Founded by a woman called Clare Melford, the GDI worked to construct an index of news websites it didn’t like, then went squealing to advertisers to avoid them. Melford had – without telling unHerd – noted a gender critical editorial position emerging, a pattern of scientific reviews (Stock), coupled with the views of a popular lesbian (Bindel) who wasn’t enjoying hard-won women’s rights tossed into the fire of the LGBTQI+ matrix. Advertisers, Sayers discovered, appeared genuinely terrified of Melford, or any other self-appointed, dark-money funded chaos pawns masquerading in the name of “fact-based information”, so had heeded her warning, leaving unHerd scrambling for cash from its funders to pay staff.
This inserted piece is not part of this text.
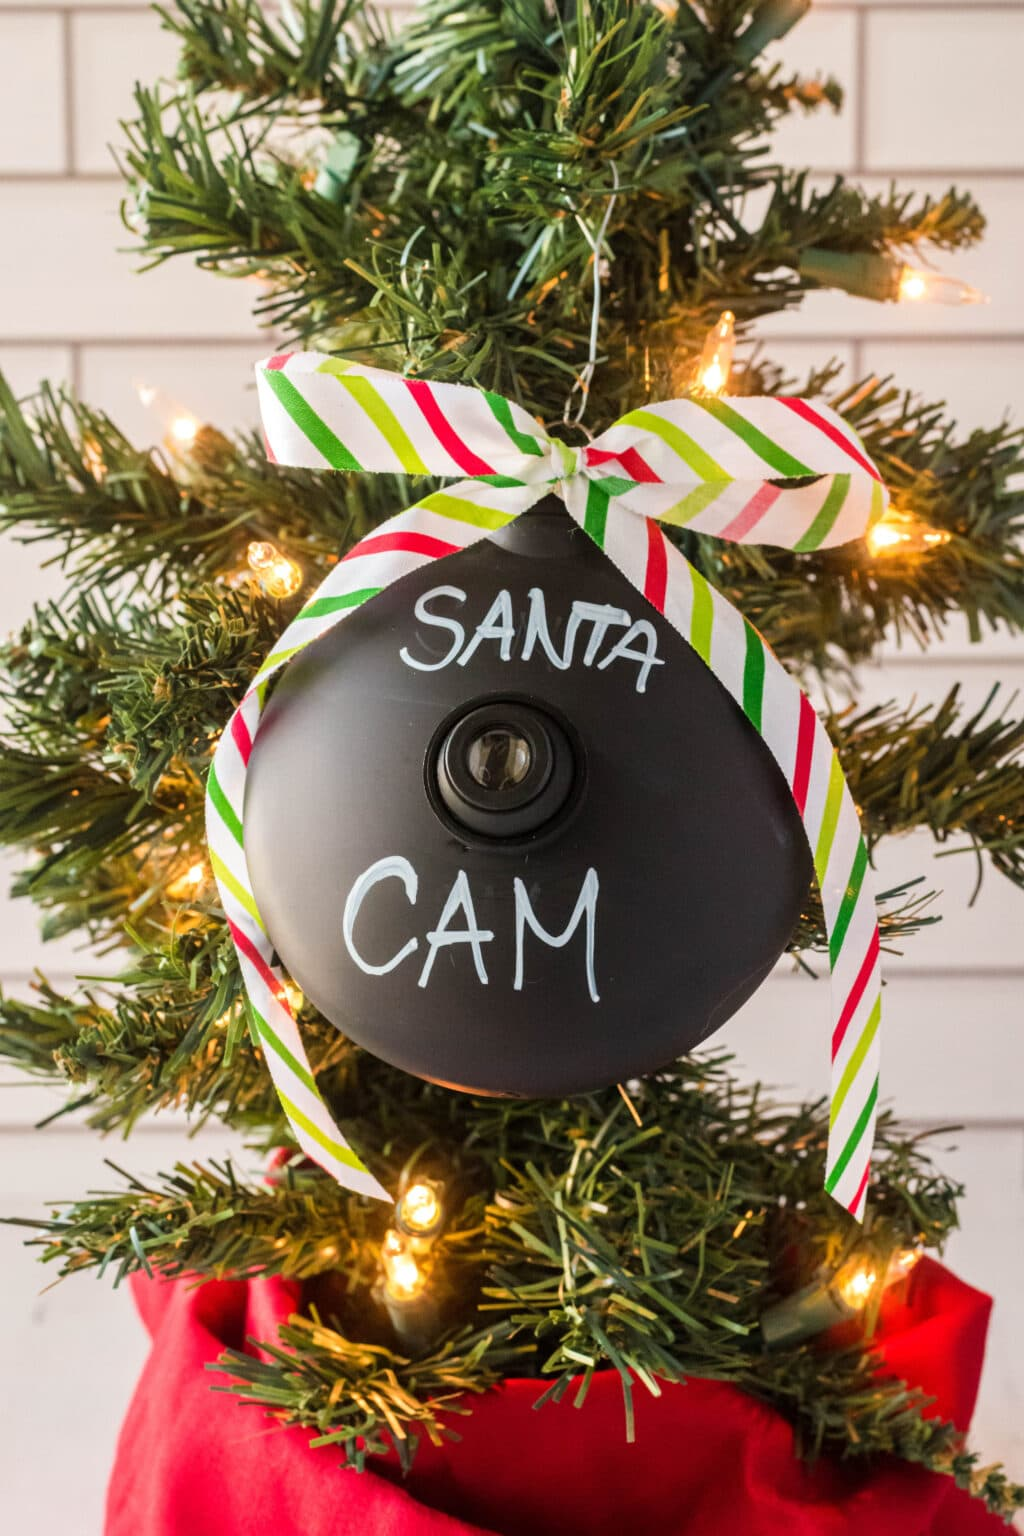 santa cam ornament hanging on a Christmas tree

Like most men working in media in the UK – like most men in working authority in UK public life – Sayers is gay, and girlbosses like Melford, in my experience, tend to make light work of these guys. But Sayers, measured and gently defiant, decided to fight back a little by making a video explaining what had happened. All sorts of faux outrage erupted in the British Parliament, but nothing was actually done. Donald Trump’s State Department led by Marco Rubio on the other hand, decided enough was enough with the UK and the EU’s obsession with censorship.
Melford was one of the five individuals sanctioned. Another was Imran Ahmed.
Imran Ahmed
Ahmed’s influence extends into Downing Street, where his best friend Morgan McSweeney is Keir Starmer’s chief of staff. Ahmed was exposed by South African investigative journalist Paul Holden in The Fraud, where the author explains how money that was raised by a shadowy group in Starmer’s party was used to censor views on both the right and the left. That money was never declared to the election commission, making it a criminal offence.
Ahmed is a hostile combatant whose smug bravado has won him legions of enemies. His NGO, the Centre for Countering Digital Hate, the successor to his work with McSweeney in Labour, basically did what Melford’s GDI did, except he was more explicit, on one occasion articulating the group objective of “killing Musk’s Twitter”.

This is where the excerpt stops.